I first realised the depths of the metropolitan snobbery that blinded the UK when I was making a short film for Granada about what we called at the time ‘the dirtiest city in Britain’.
I won’t reveal which it was. It got me into the most fearful trouble when the film came out, fronted by Roger Daltrey of all people, in 1989. But it required that I should get the data on all kinds of air and water pollution for the UK’s cities.
These were available for cities all over Europe, but in the UK – with the sole exception of smoke and sulphur dioxide (thanks to smoke control legislation) – they were only available for London.
The great northern, industrial cities, were not considered important enough for pollution data.
For that reason, if no other, I think of the year that the Berlin Wall came down as the high point of UK centralisation – when successive London governments could take their economic wheezes and just test them on the Scots.
That year also marked the end of a decade of de-industrialisation, when the creaking, unmodernised factories of northern England began to close. This is usually blamed by the Left on the Thatcher government, but could equally be laid at the door of North Sea Oil. Once the oil began to flow, the pound rose in value and our manufactured goods became uneconomic for export.
One of the nightmares of Brexit may be that this was just a first wave of deindustrialisation, and that a second wave – as carmakers and other modern manufacturers row back on their UK investments and rebuild in the EU – may now be on the way.
That is a nightmare for the same reason it was the first time. It means we will have to rethink our economy far faster than these things usually happen.
It means we will, once again, face mass unemployment, as a workforce educated for mass employment is precipitated into a new world where they are expected to be entrepreneurial.
Where we have one advantage over the previous wave of deindustrialisation is that there is at least a glimmer of hope that our cities, the children of industrialisation, will be set free from the straitjacket of metropolitan snobbery of a quarter of century ago.
They will be able to innovate, to test out new economic solutions, and to reap the rewards through business rates.
There are risks to this. The new government may, in a moment of muddle and confusion (could such a thing be possible?) claw back powers and responsibility to the centre.
The cities also live with a major disadvantage. Their main tax base is based on property and the vast bulk of property values are in London and the south east. Their flexibility will have to extend to shifting to new ways of raising revenue.
And there is a third risk as well. That they will not see clearly enough that a devolved nation means that – if they fail to spread the fruits of economic success – they will end up spending those fruits on welfare.
Trickle down may not work in the real world as it is intended.
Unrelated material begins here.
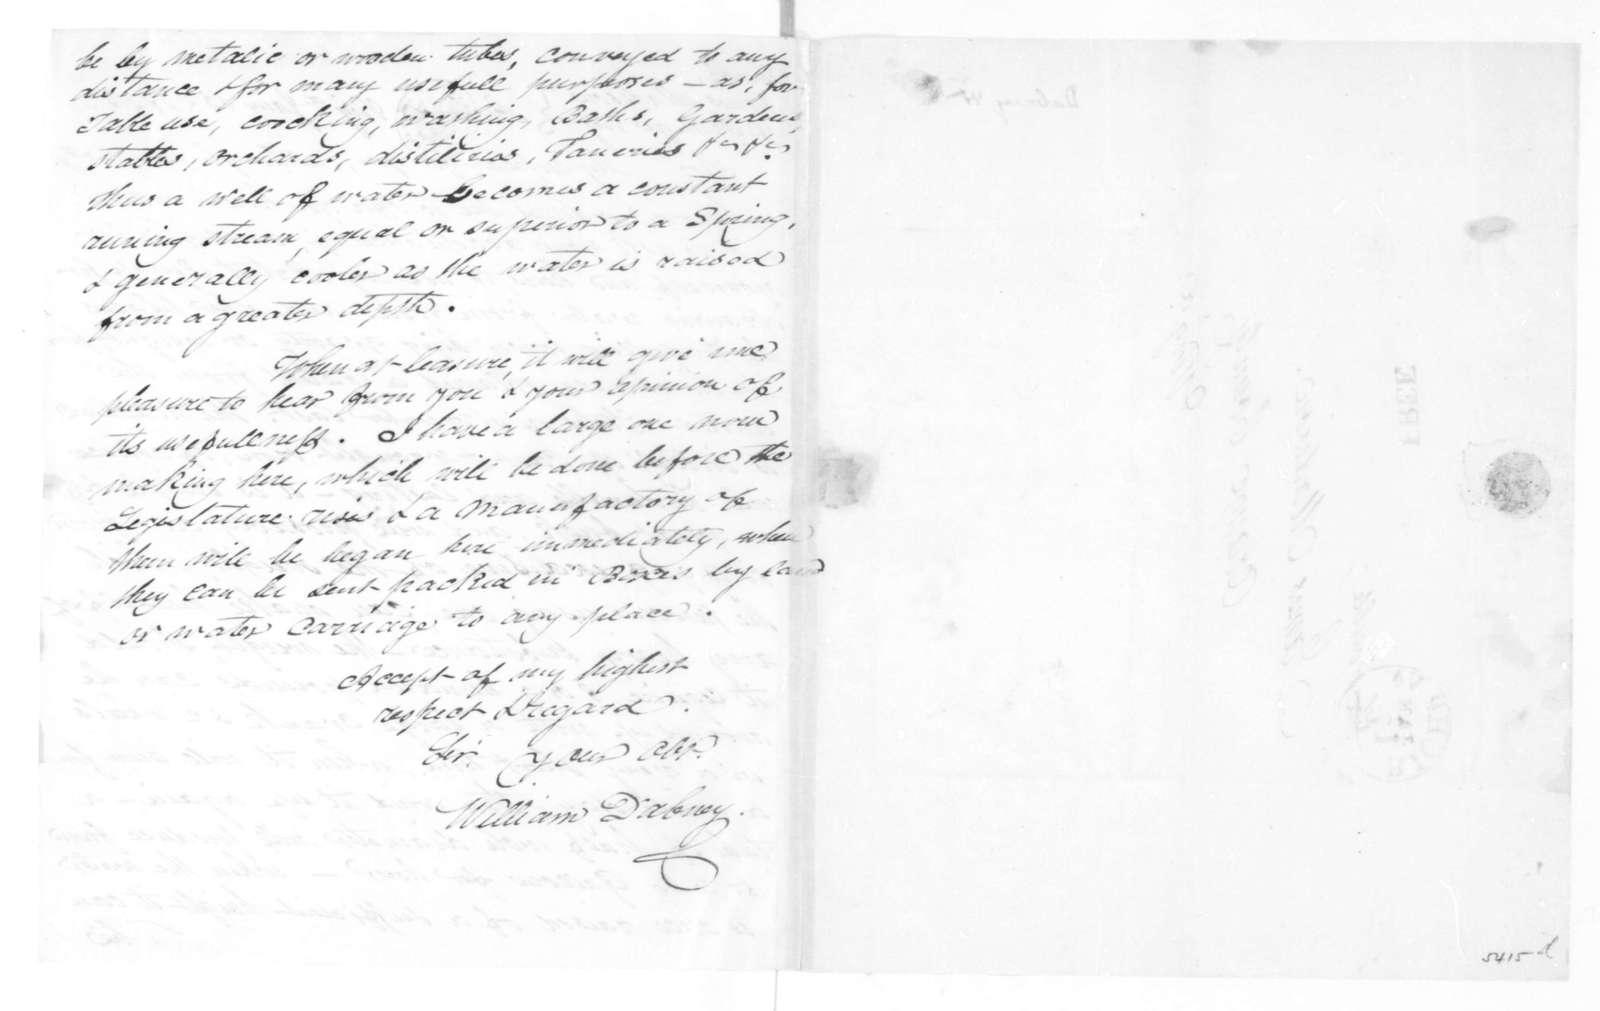 William Dabney to James Madison, January 15, 1825.

But it is a positive danger in a devolved world, where the failure to connect economic success with the whole city will impact directly on the public services bill.
The danger is, of course that the cities will be so stuck in the old assumptions of centralised economics that they either won’t see this, or they won’t know what to do about it. There have been successes, after all, from Action for Cities in 1987 through to City Deals, but the central problem of connectivity has not yet been solved.
That is the reason why the RSA’s Inclusive Growth Commission has been launched, ahead of a field of other economic justice inquiries (IPPR, Respublica) – to provide devolved cities and towns with the techniques they will need to take some responsibility for their own prosperity.
But, as Charlotte Alldritt argued last week, there is a new urgency after Brexit. Not just because of the economic dangers – but because of the fissures revealed across the nation, between the dwindling number of haves and those who are struggling with businesses, rents, mortgages and have yet to benefit from the success they see in the city centres.
This question of these missing connections between inner and outer is assuming a new importance, and it is about more than just transport links. The underground speeds people in and out of some of the most impoverished London boroughs, but they still lack those all-important economic links.
Cities are beginning to experiment – Birmingham with the social economy, Preston with their pension fund money, and there are more entrepreneurial experiments with new kinds of business support (Totnes), or new kinds of local energy generation (Wadebridge) or new kinds of local food business (Manchester).
But this is like looking at the industrial revolution that lay ahead only months after James Watt boiled his first kettle. We can see the future only through a glass darkly.
When E. M. Forster coined the phrase “only connect” in Howard’s End, he meant human connections. These are important too, and underpin the economic connections which are going to be so vital. But it is the whole range of possible interconnections, woven together, which are increasingly the focus of the commission.